The Annapurna Labs team at Amazon Web Services (AWS) builds AWS Neuron, the software development kit used to accelerate deep learning and GenAI workloads on Amazon's custom machine learning accelerators, Inferentia and Trainium. The Acceleration Kernel Library team is at the forefront of maximizing performance for AWS's custom ML accelerators.
As a ML Kernel Performance Engineer, you'll work at the hardware-software boundary, crafting high-performance kernels for ML functions and ensuring optimal performance for customer workloads. The role combines deep hardware knowledge with ML expertise to push the boundaries of AI acceleration. The AWS Neuron SDK includes an ML compiler, runtime, and application framework that seamlessly integrates with popular ML frameworks like PyTorch.
Working within the Neuron Compiler organization, you'll collaborate across multiple technology layers - from frameworks and compilers to runtime and collectives. You'll not only optimize current performance but also contribute to future architecture designs, working directly with customers to enable their models and ensure optimal performance.
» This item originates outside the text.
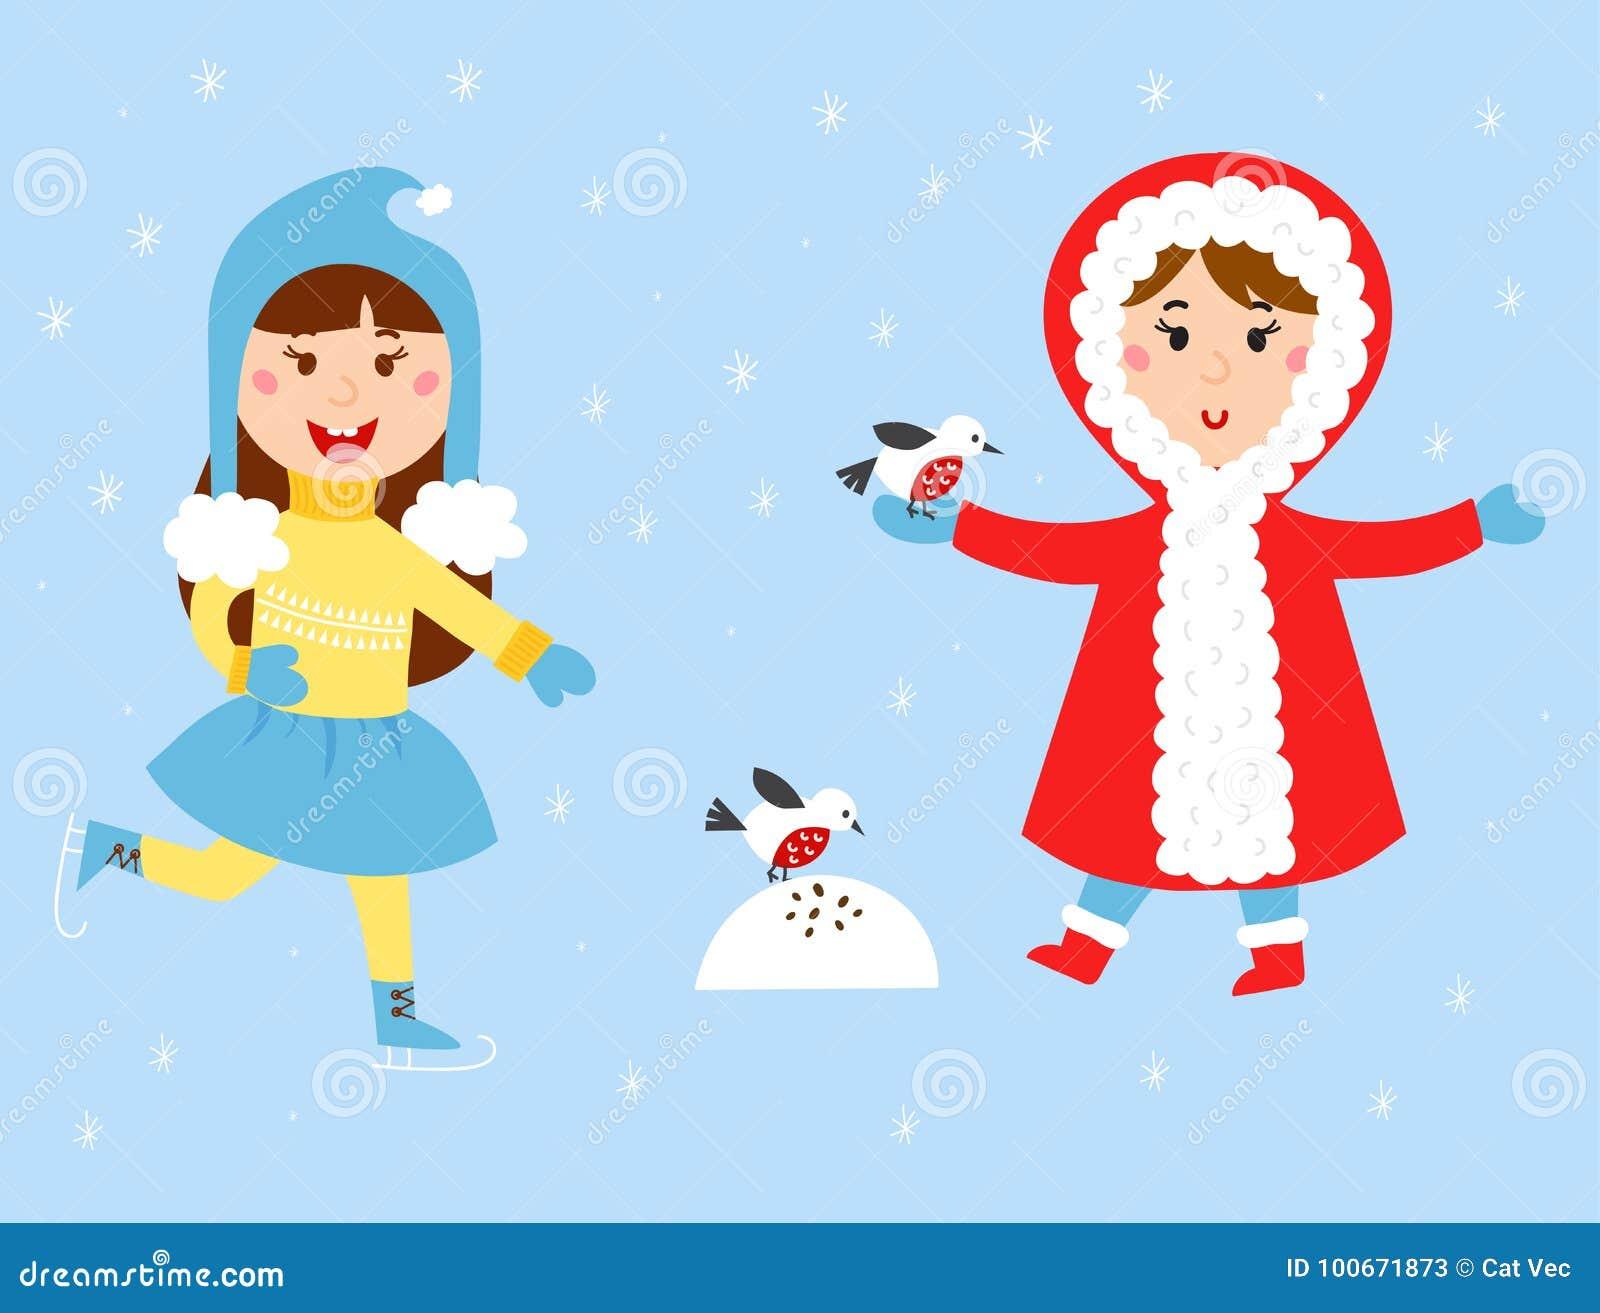 Christmas Snowballs

The position offers competitive compensation ranging from $129,300 to $223,600 based on location, plus equity, sign-on payments, and comprehensive benefits. You'll join a diverse, inclusive team that values work-life balance and provides extensive opportunities for mentorship and career growth. The role is based in Cupertino, CA, where you'll work with cutting-edge technology at the intersection of machine learning, high-performance computing, and distributed architectures.
This is an opportunity to shape the future of AI acceleration technology while working in a startup-like environment within AWS, where innovation and experimentation are encouraged, and your contributions will have direct impact on global customers' ML workload performance.